*Exercise data*:
=== Section Start ===
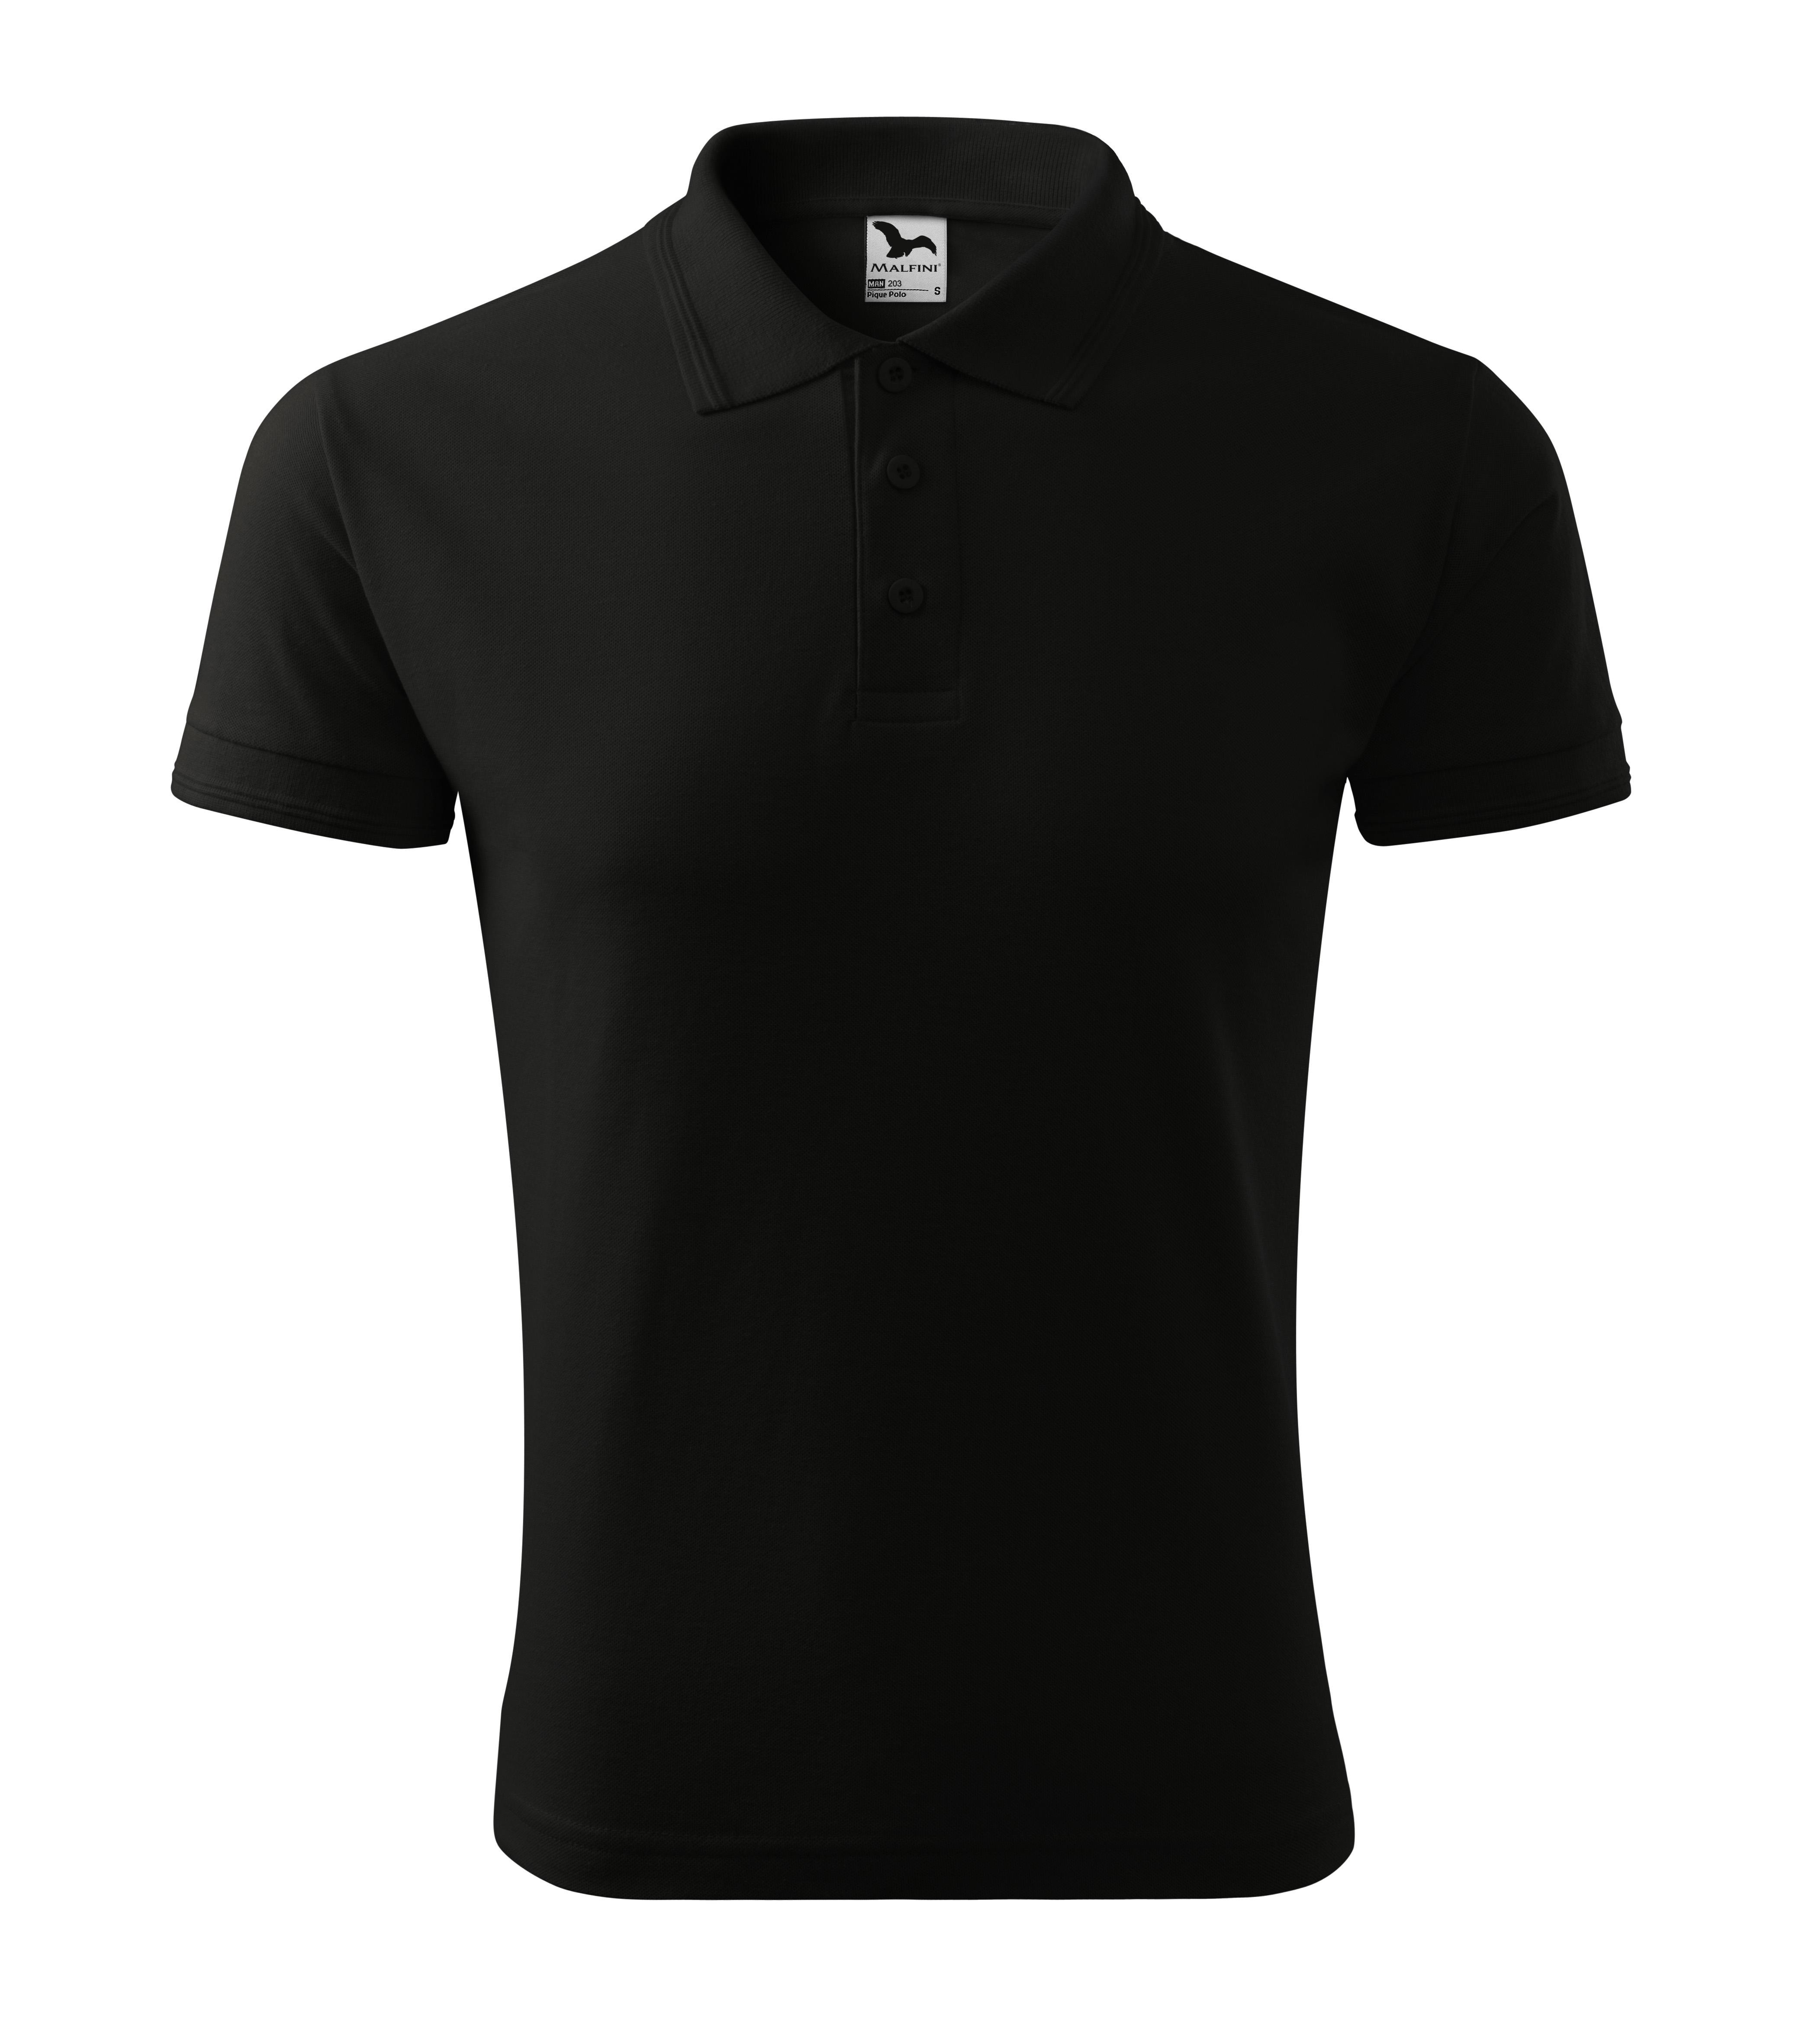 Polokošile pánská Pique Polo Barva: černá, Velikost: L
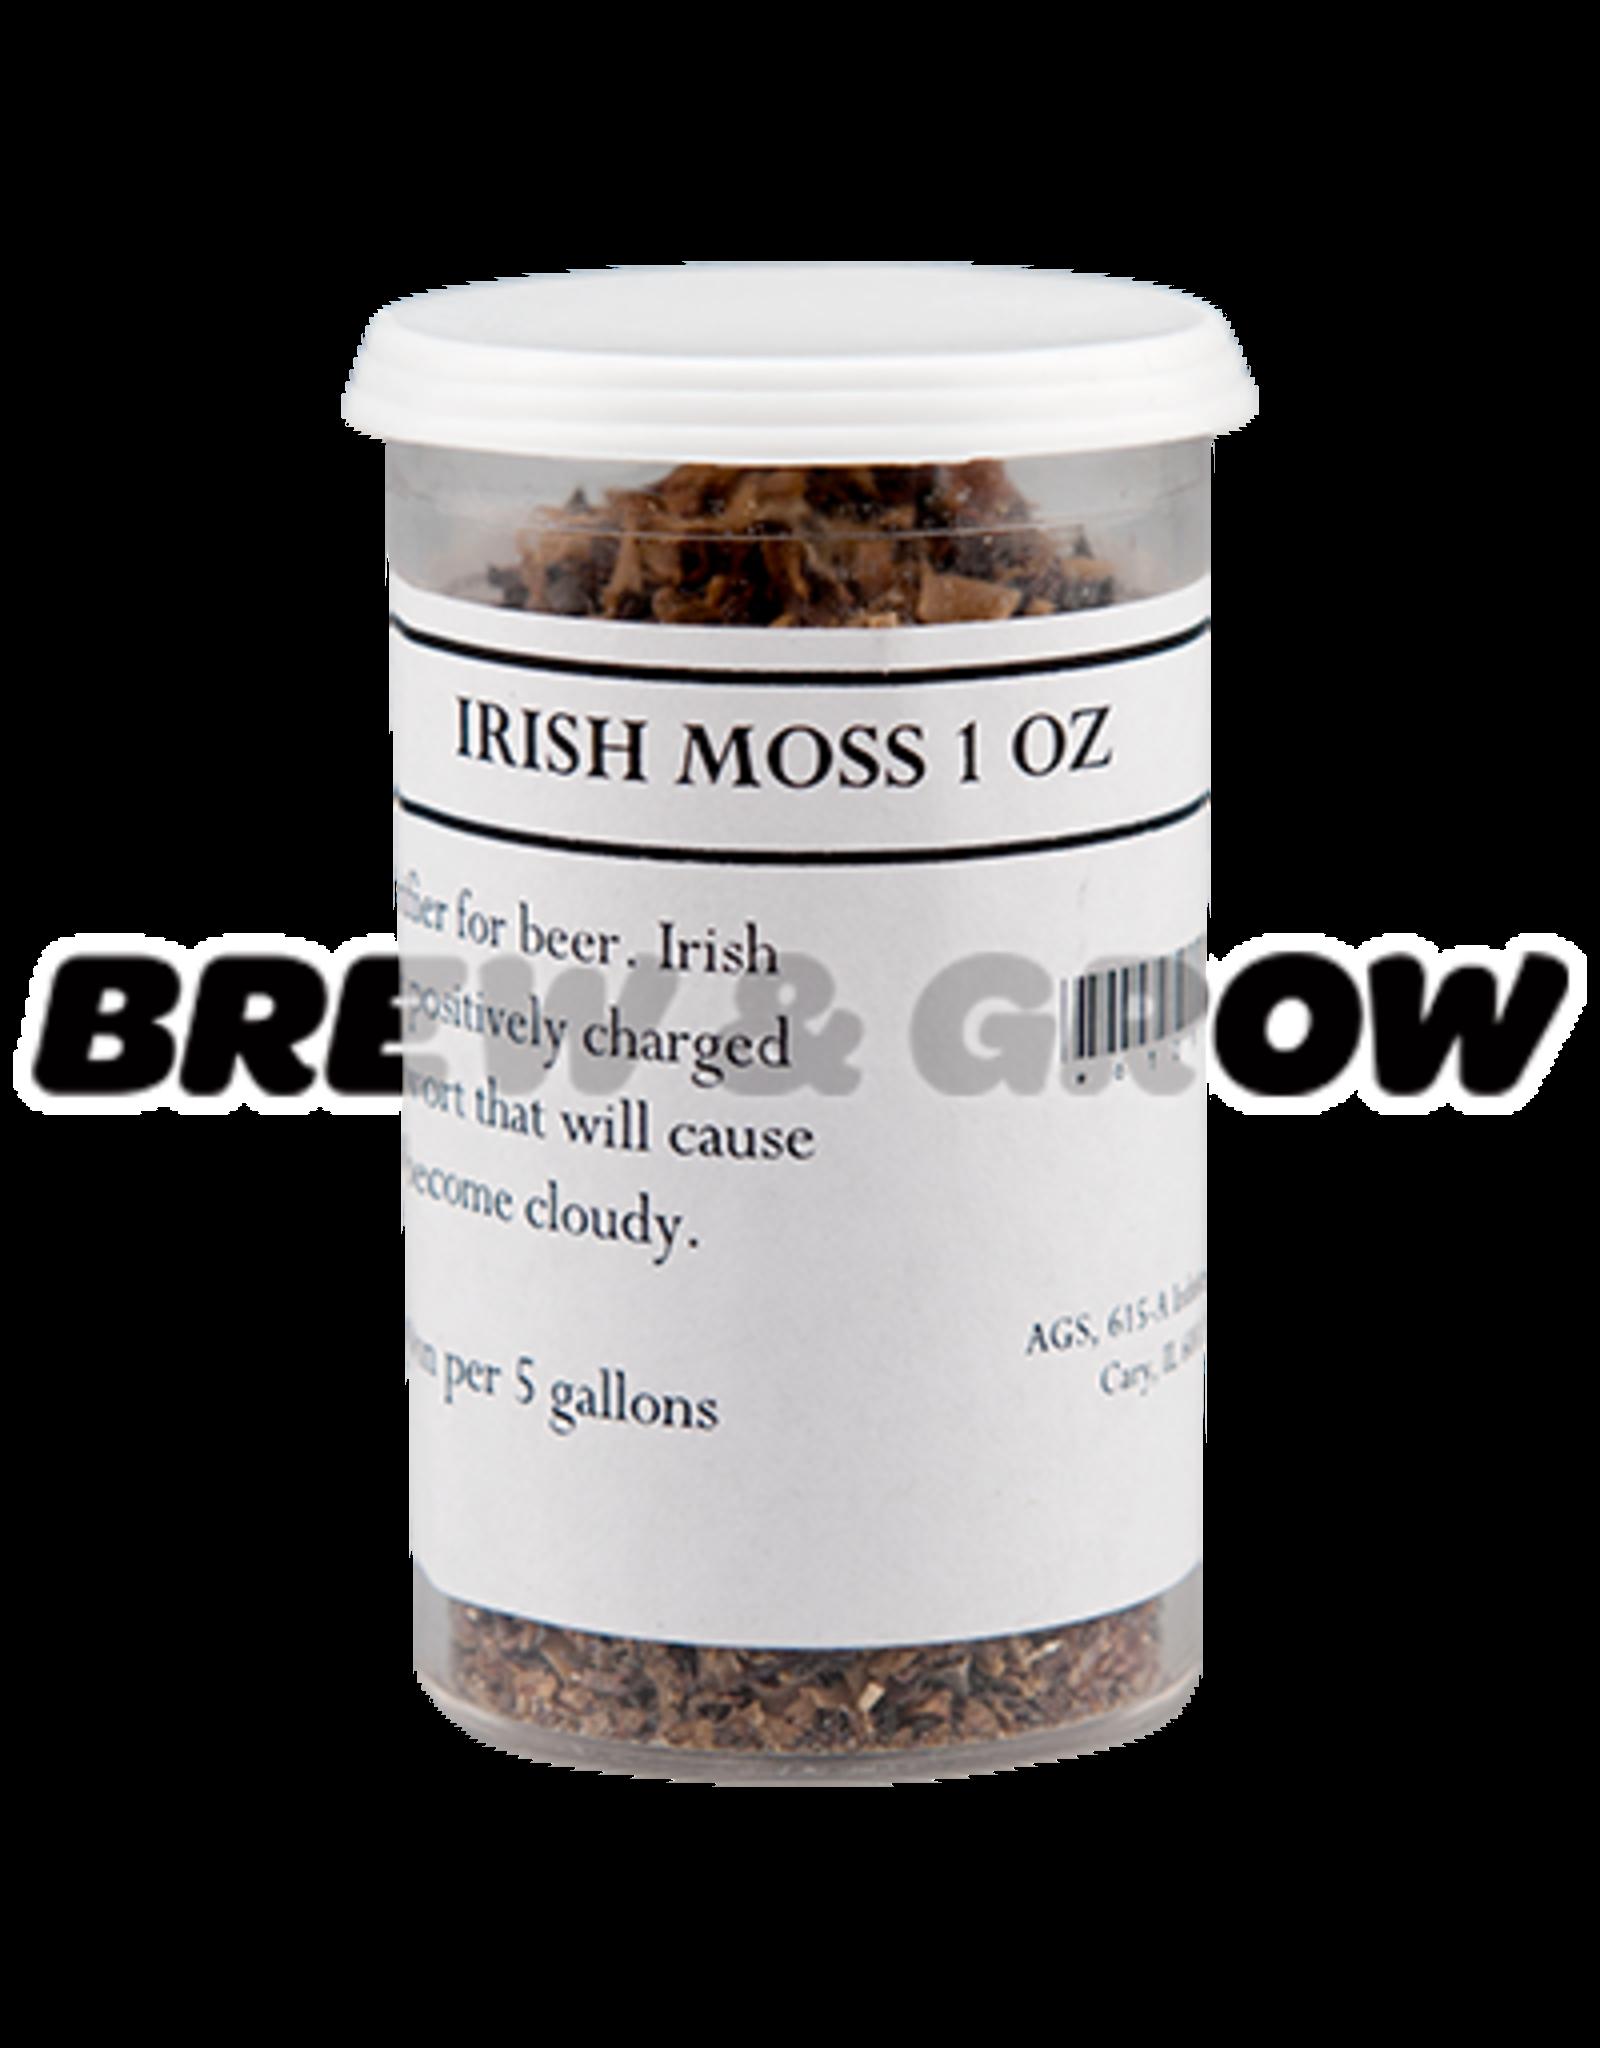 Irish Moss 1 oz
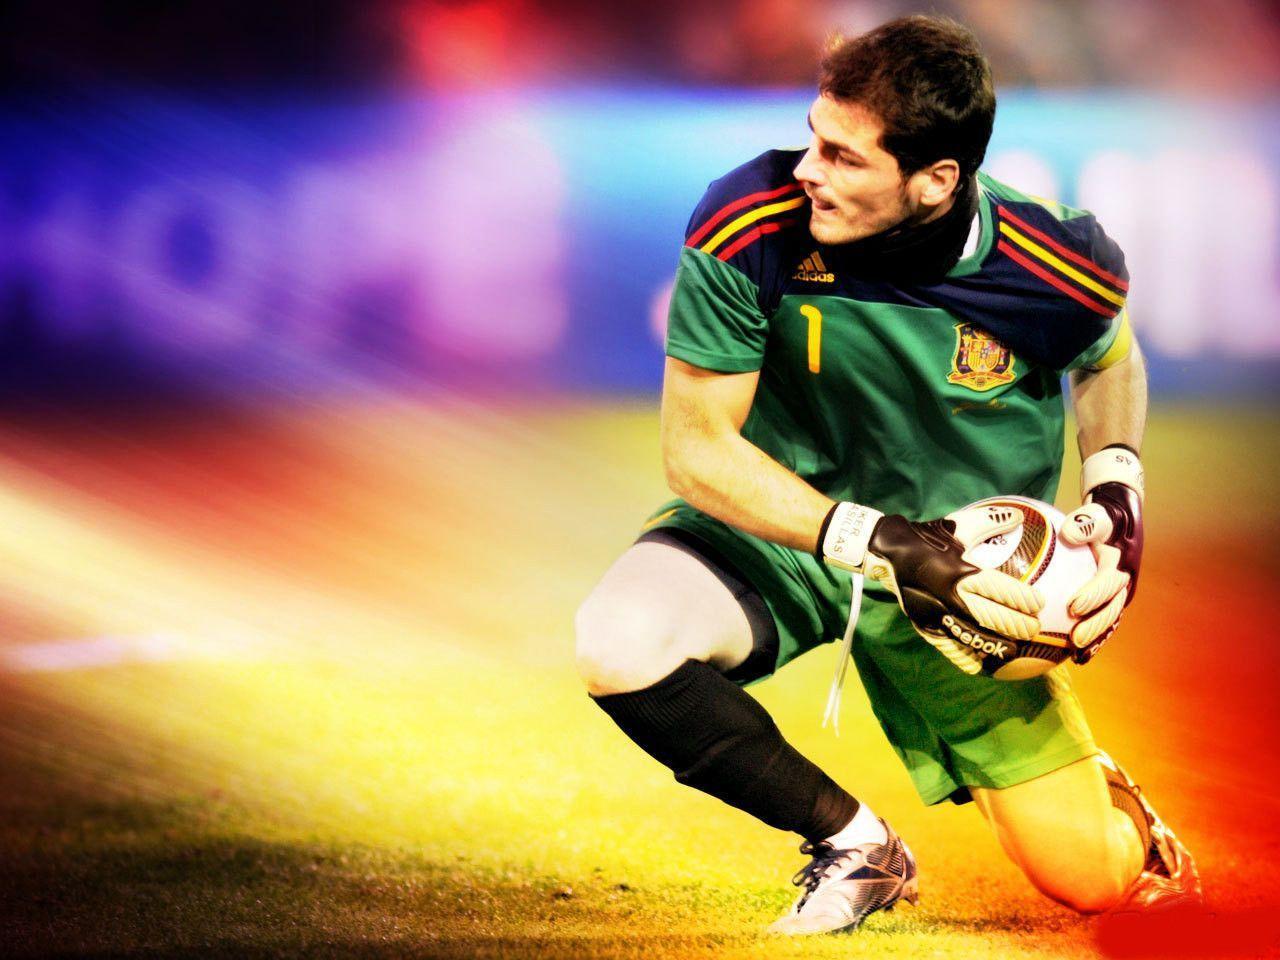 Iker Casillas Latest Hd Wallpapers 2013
=== Section End ===
*Assignment*: Beginning at the line containing "Irish Moss 1 oz", restate every line through the end of the material above exactly; omit the pictures.

*Exercise output*:
 Irish Moss 1 oz
 Iker Casillas Latest Hd Wallpapers 2013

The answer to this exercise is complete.